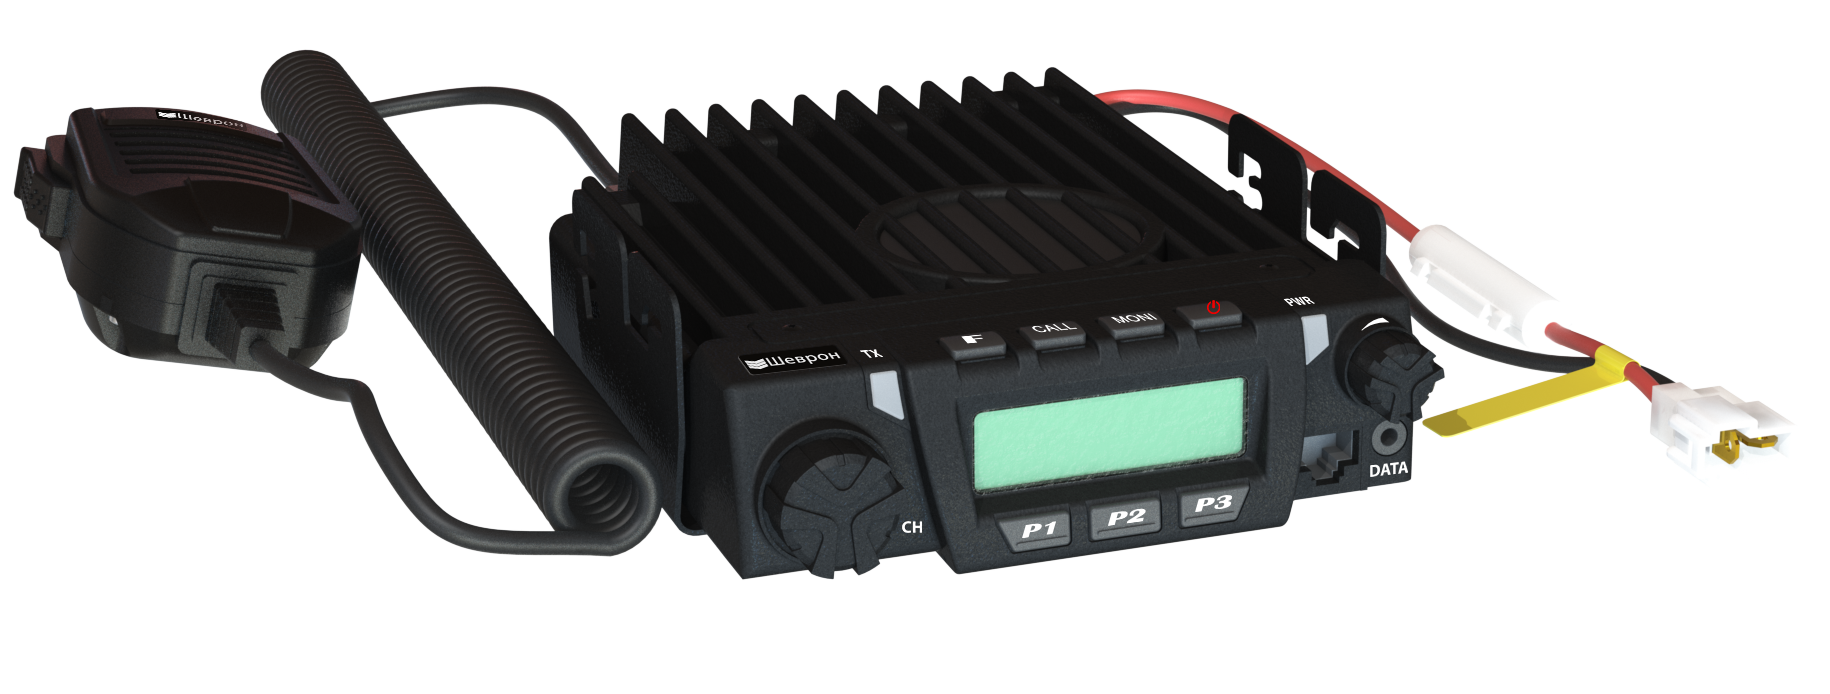 Рация Шеврон Т-34 U4 - профессиональная радиостанция для работы в UHF - диапазоне частот, предназначенная как для любительского, так и для профессионального использования.
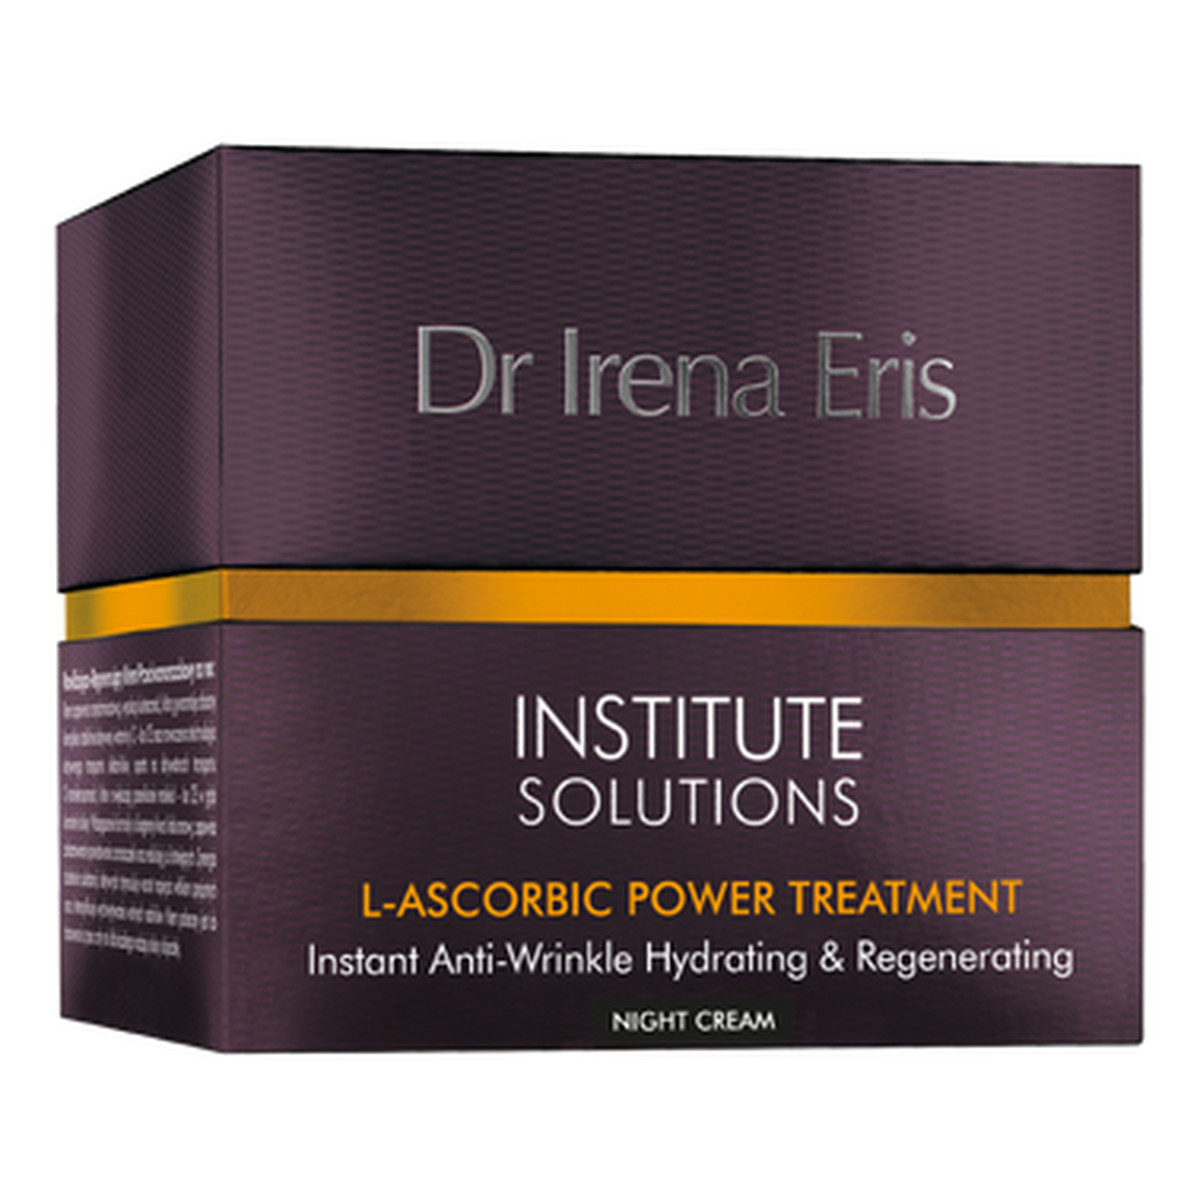 Dr Irena Eris Institute Solutions Przeciwzmarszczkowy krem do twarzy nawilżająco-regenerujący na noc 50ml
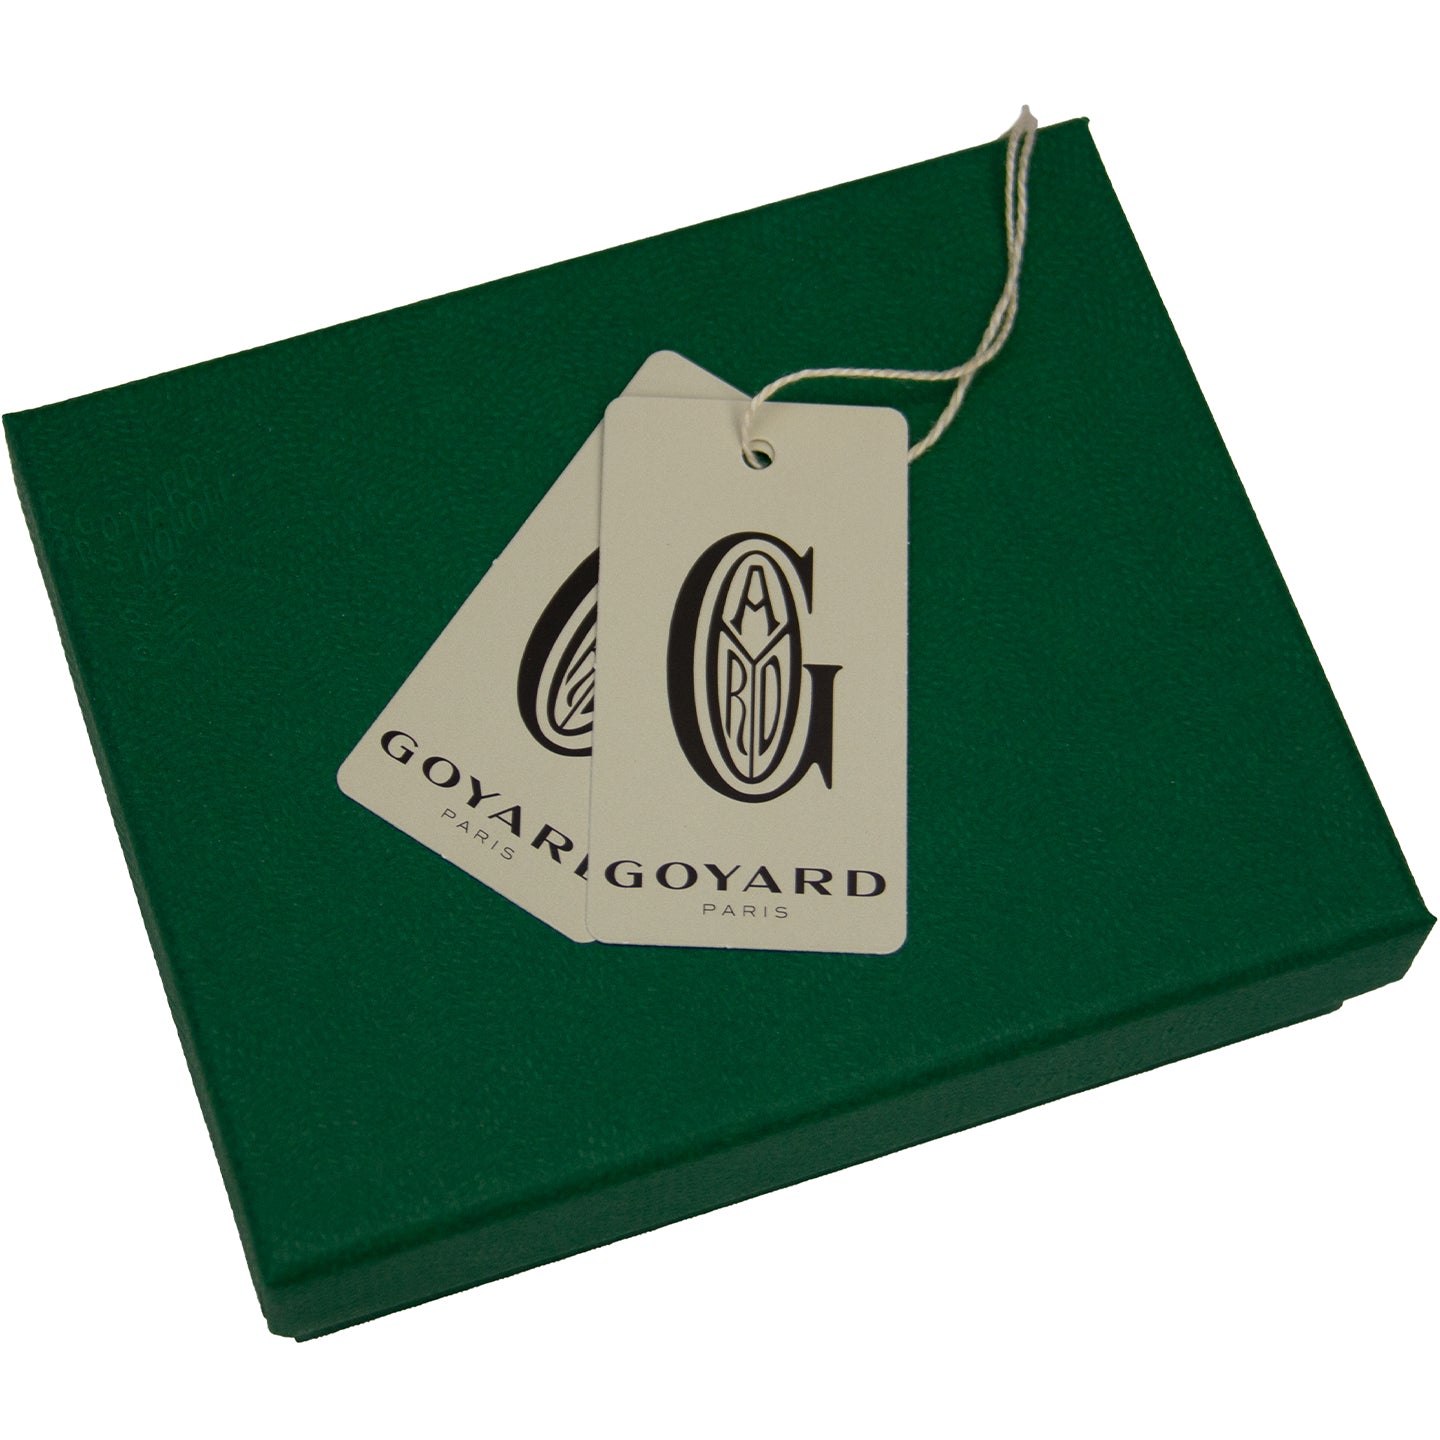 Goyard Card Holder  Goyard card holder, Card holder, Goyard

========================

■ **Exercise**:
Please output the listing above in full, exactly as given, without its images.

■ **Completed exercise**:
 Рация Шеврон Т-34 U4 - профессиональная радиостанция для работы в UHF - диапазоне частот, предназначенная как для любительского, так и для профессионального использования.
 Dr Irena Eris Institute Solutions Przeciwzmarszczkowy krem do twarzy nawilżająco-regenerujący na noc 50ml
 Goyard Card Holder  Goyard card holder, Card holder, Goyard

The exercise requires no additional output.